This exercise requires an exact output of the listing, images omitted.

→ Provided data
**********
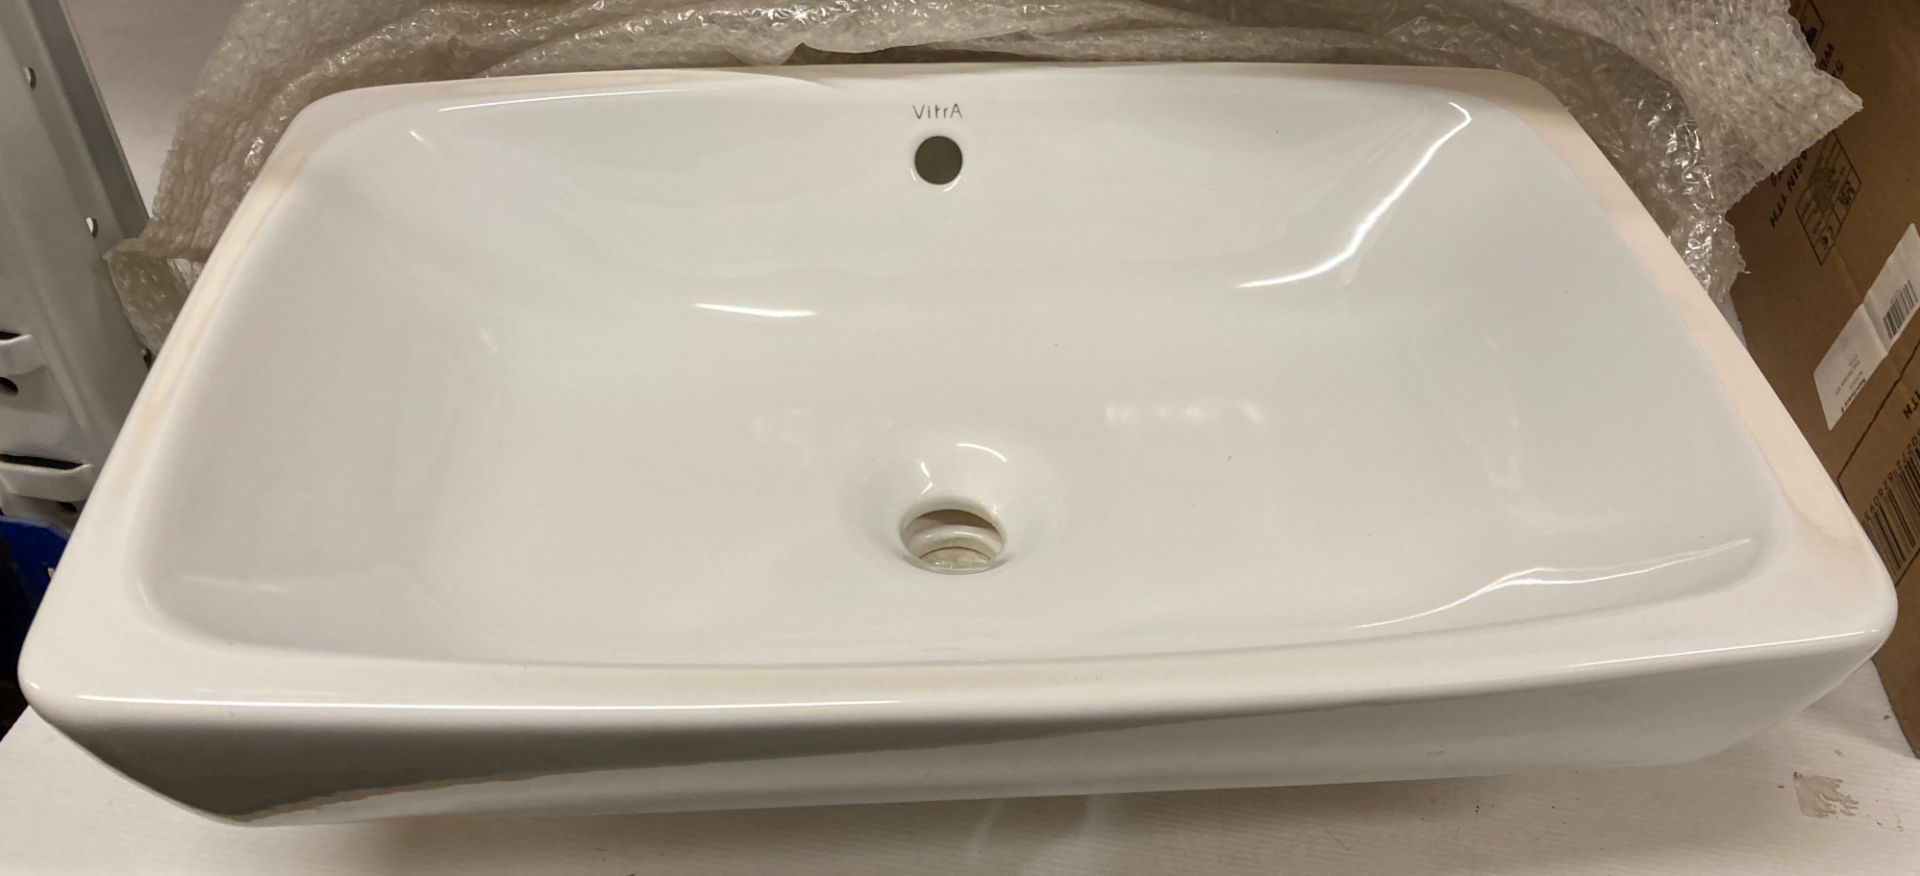 Vitra white ceramic counter top wash basin 60cm x 43cm (saleroom location: Z07)
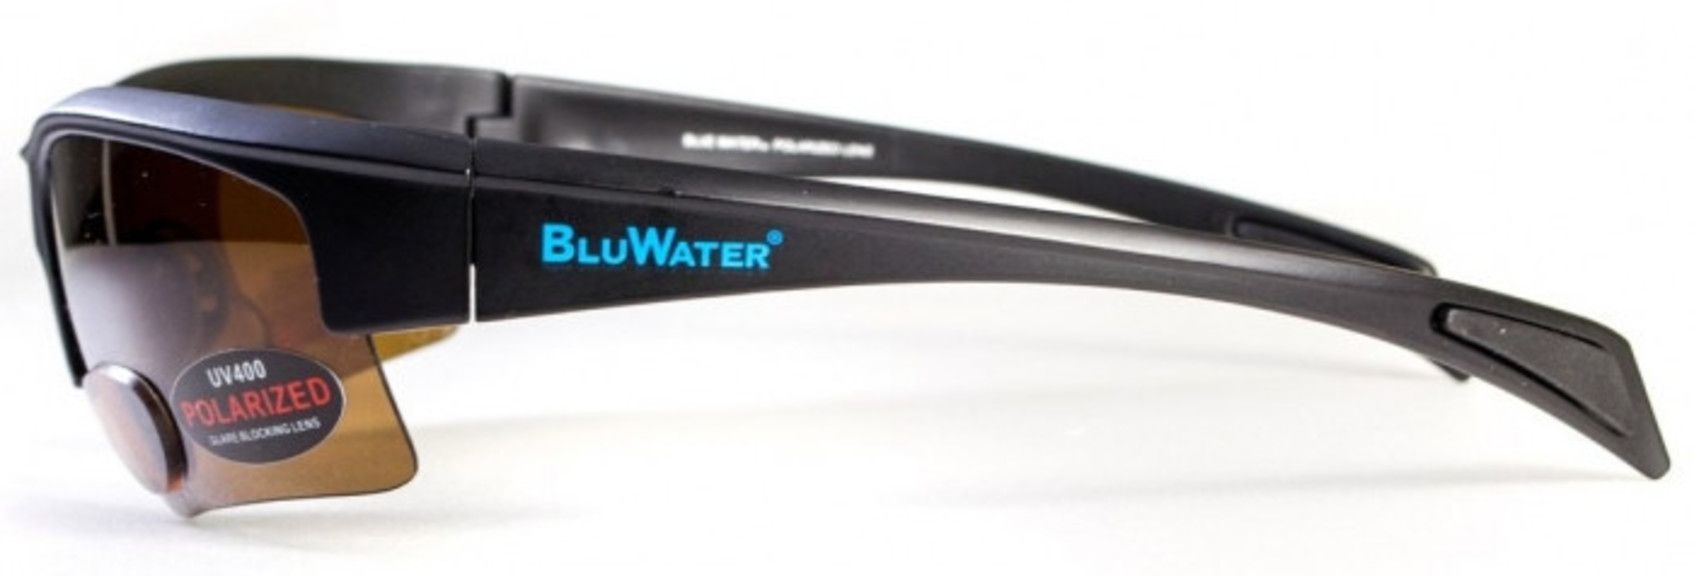 Біфокальні окуляри з поляризацією BluWater Bifocal 2 Brown +2,0 дптр
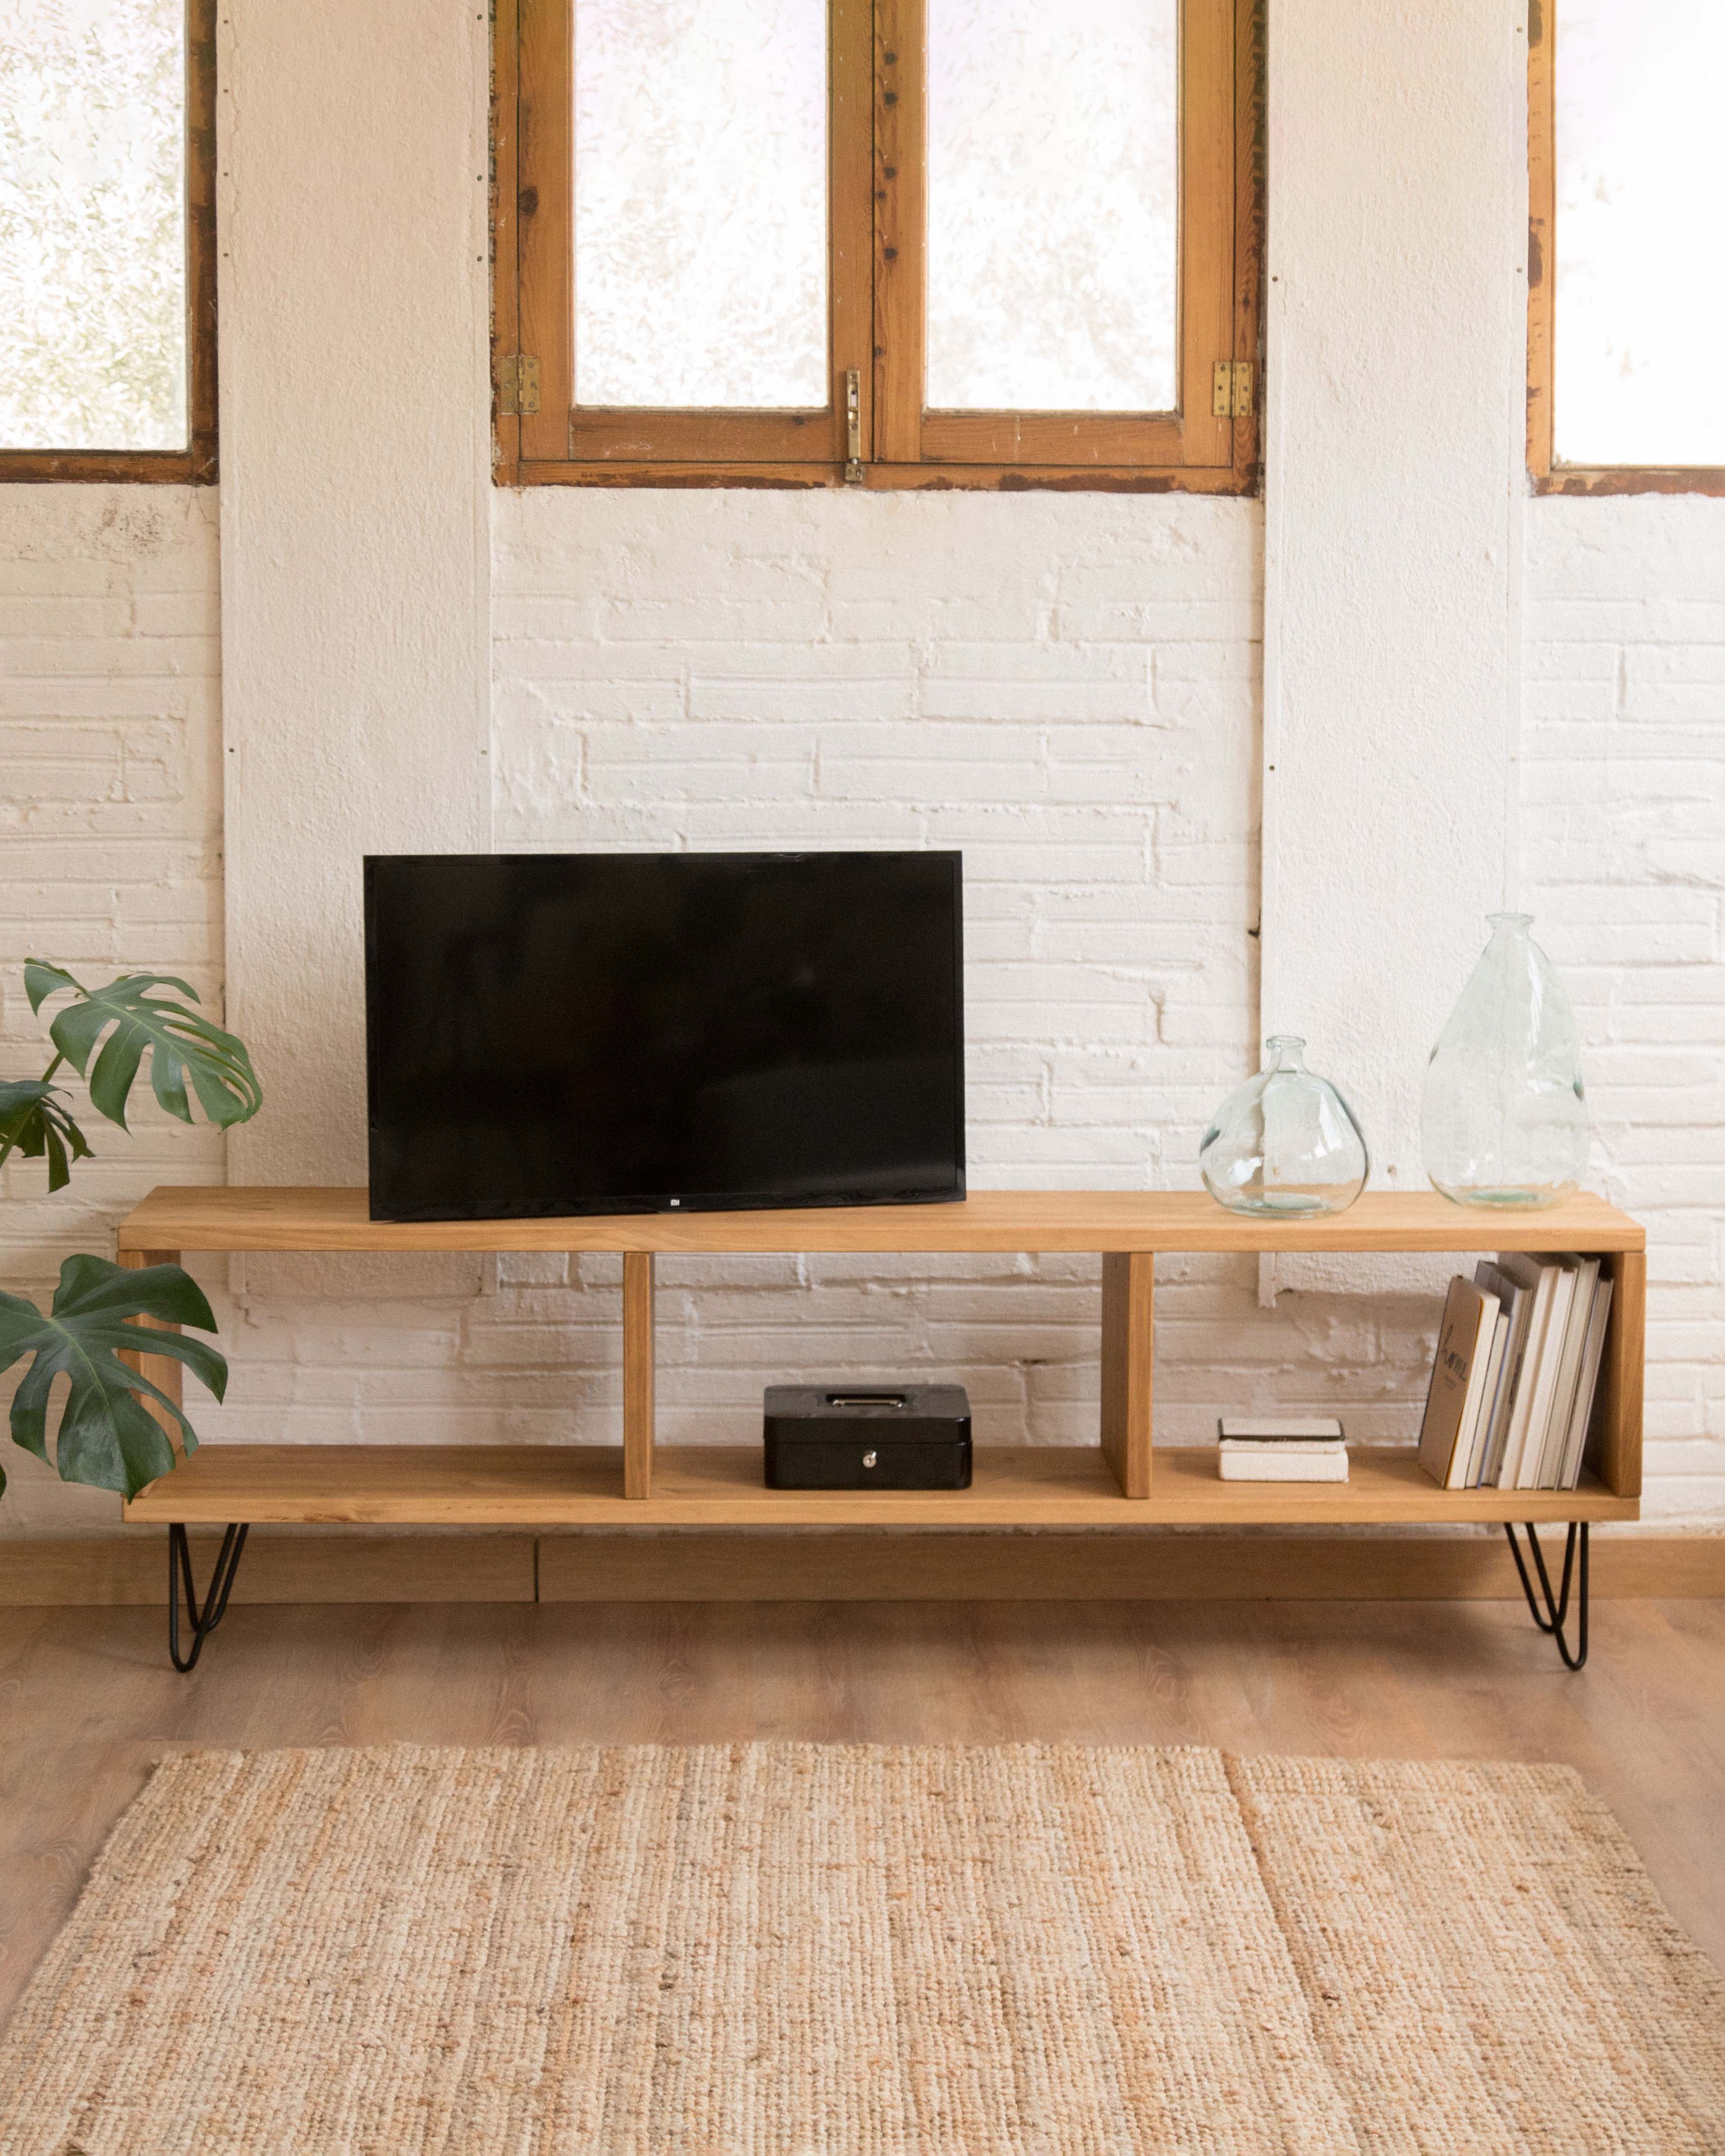 Comprar mueble TV barato|Precio muebles TV en
**********
→ Answer box
 Vitra white ceramic counter top wash basin 60cm x 43cm (saleroom location: Z07)
 Біфокальні окуляри з поляризацією BluWater Bifocal 2 Brown +2,0 дптр
 Comprar mueble TV barato|Precio muebles TV en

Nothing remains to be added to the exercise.